Exercise instructions:
From the line below containing "Dingeldey | Rechtsanwalt - Fachanwalt" to the final line, print each line exactly as written. No pictures belong in the copy.

Given information:
[Start of section]

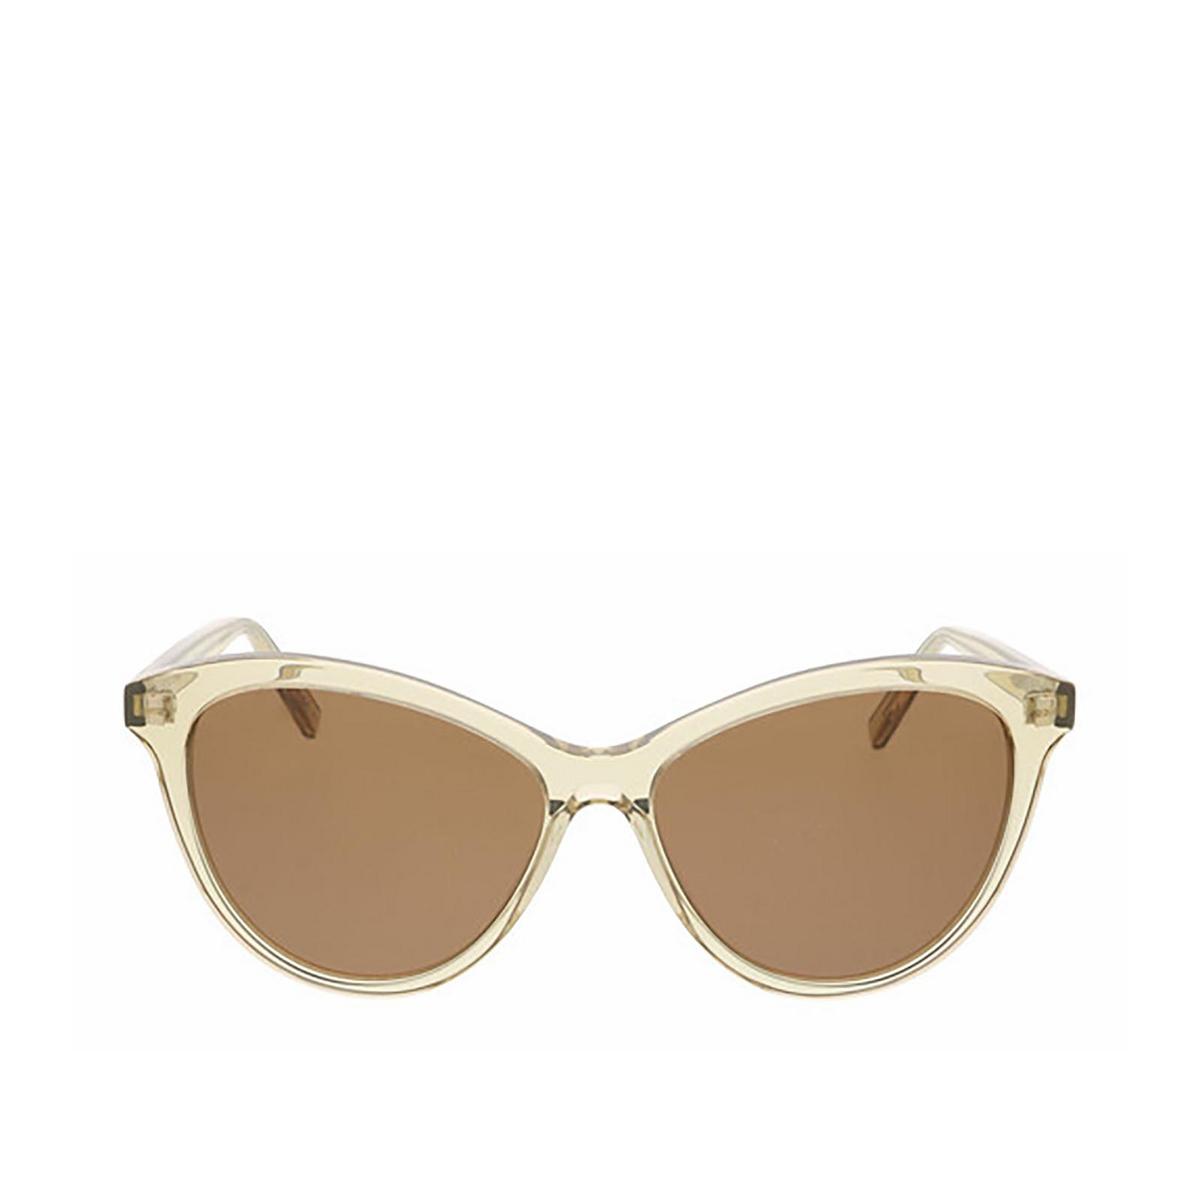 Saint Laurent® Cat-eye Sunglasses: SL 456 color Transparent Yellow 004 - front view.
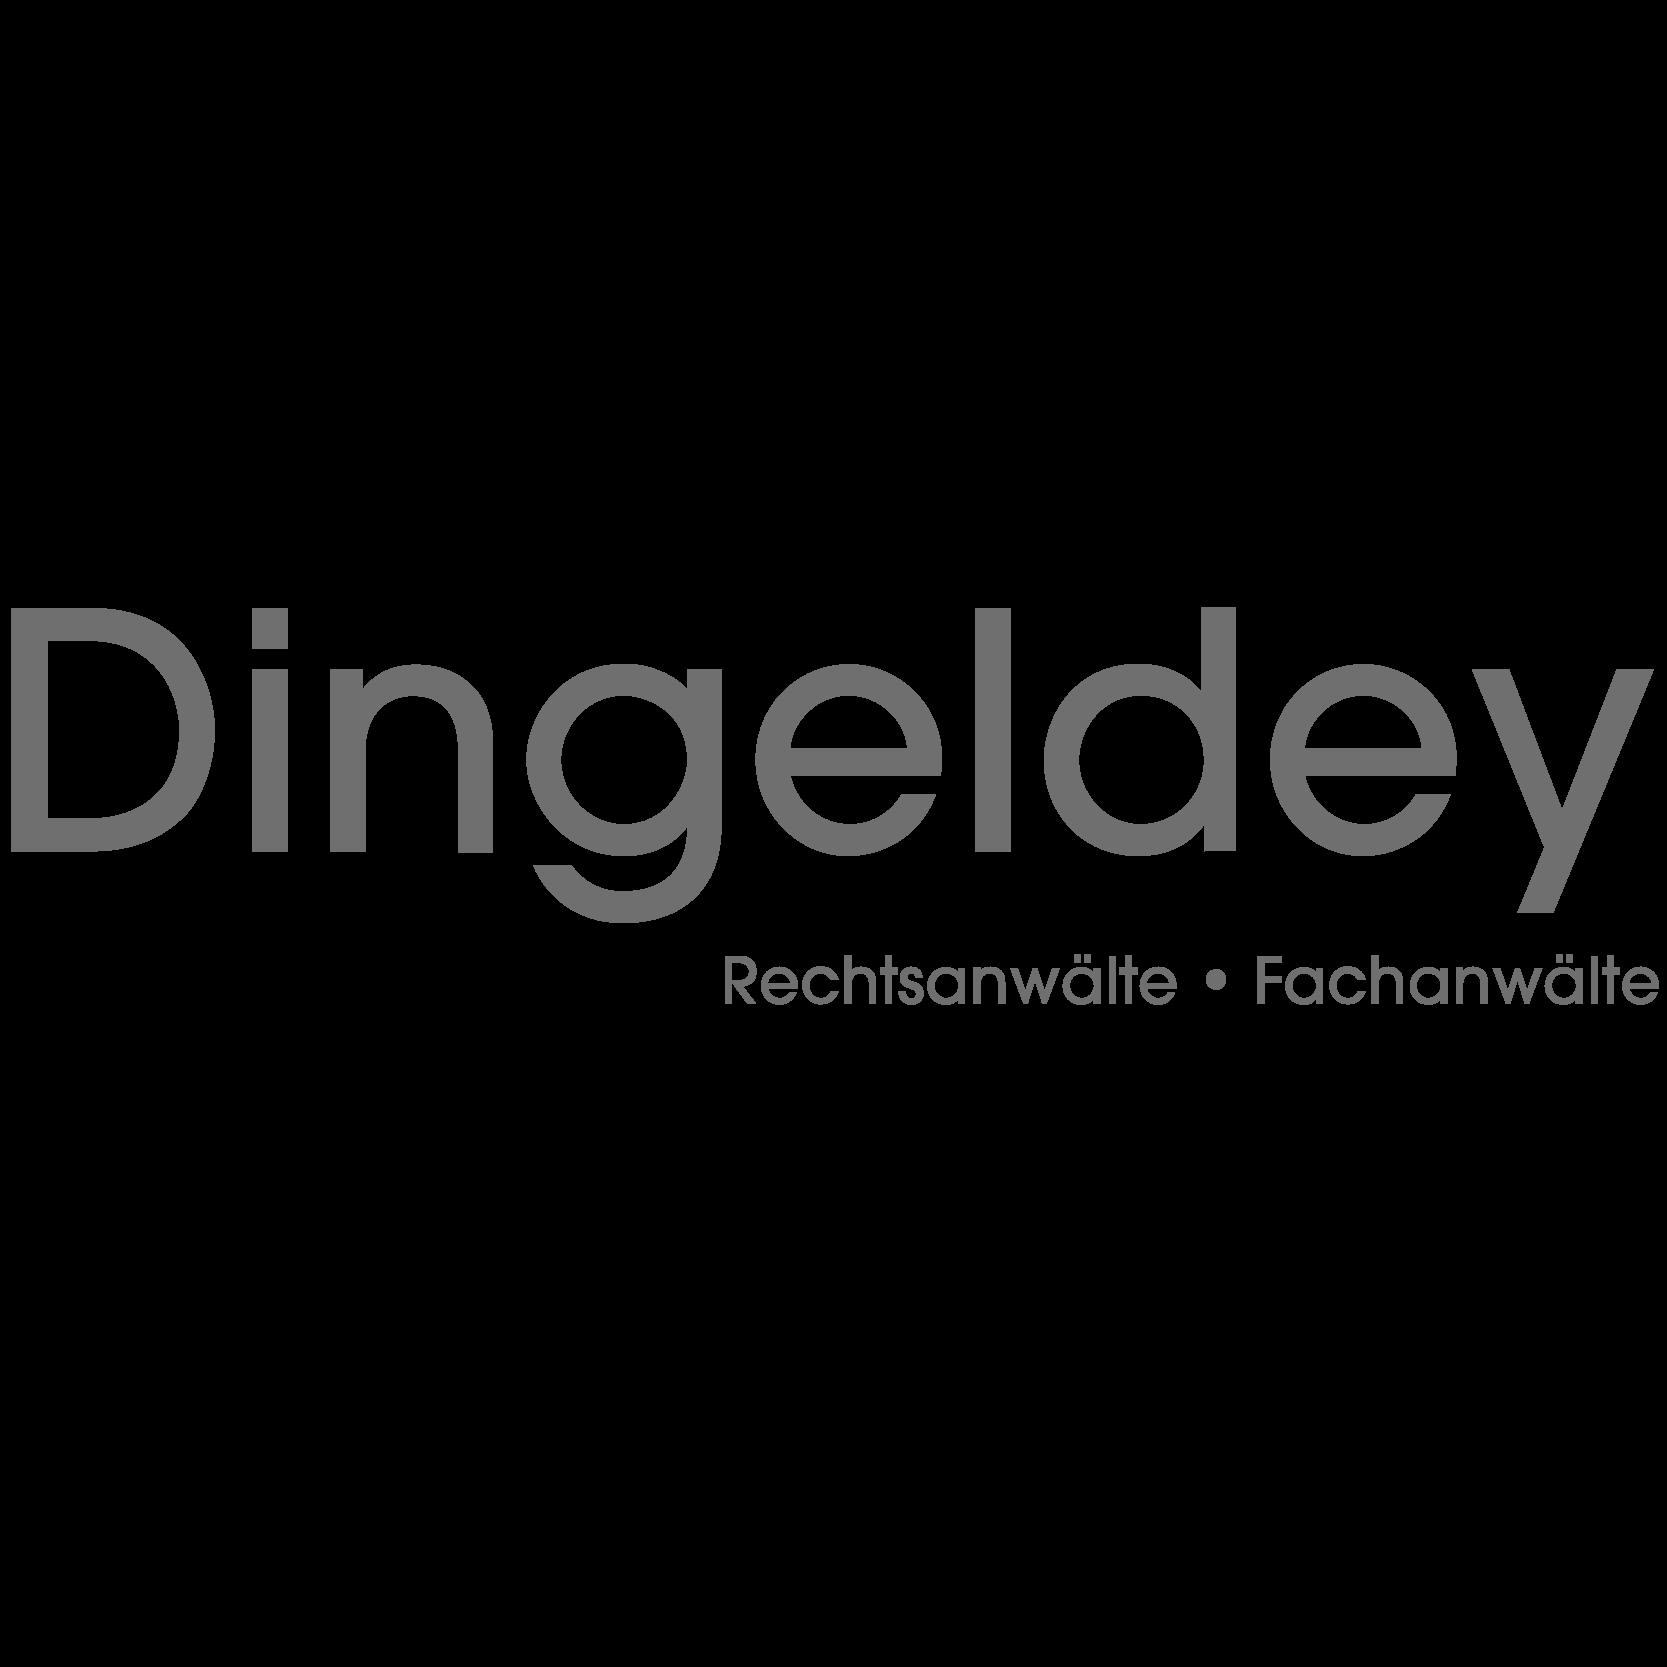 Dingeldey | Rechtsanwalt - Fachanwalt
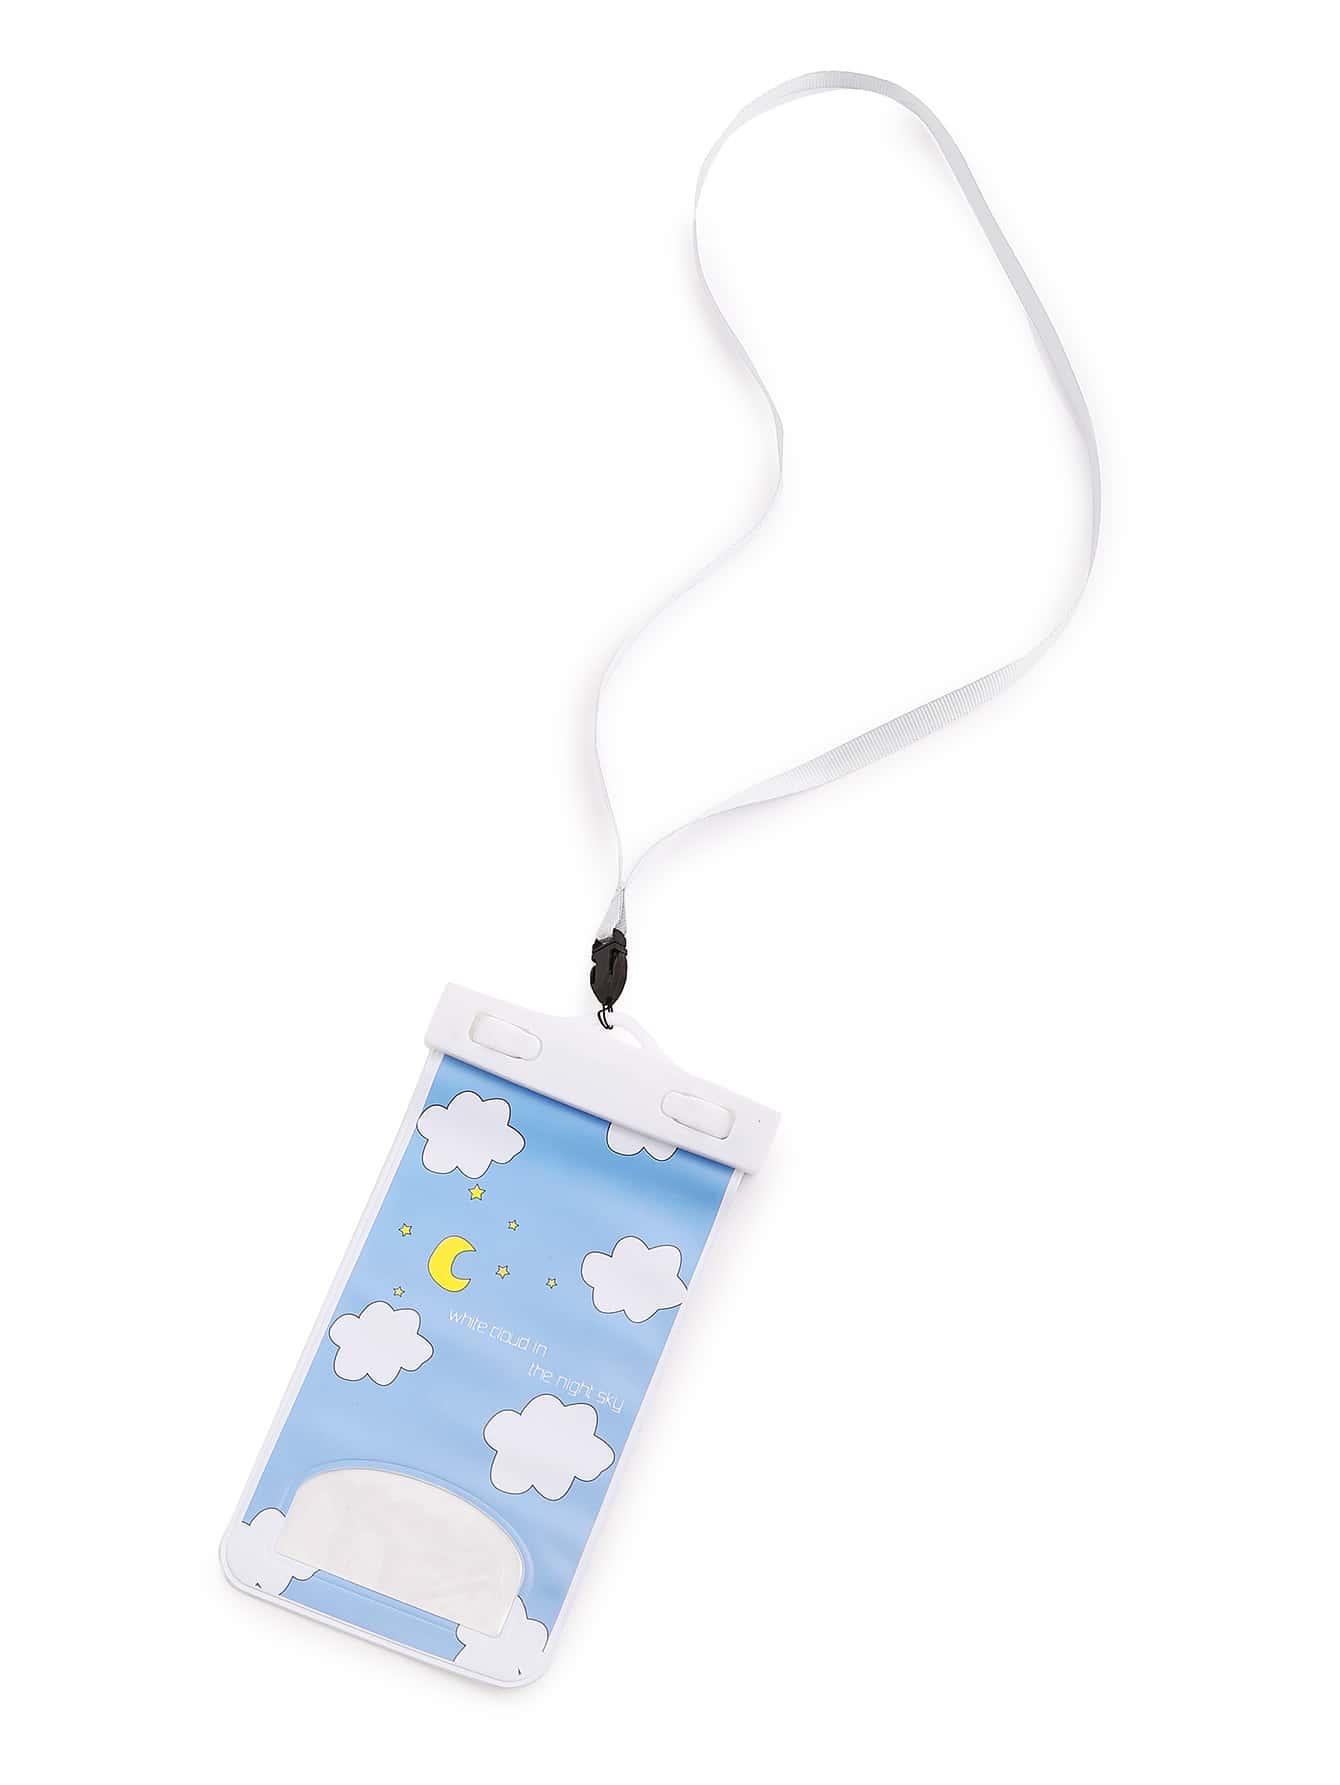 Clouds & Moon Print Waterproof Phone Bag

[End of section]

Exercise output:
 Dingeldey | Rechtsanwalt - Fachanwalt
 Clouds & Moon Print Waterproof Phone Bag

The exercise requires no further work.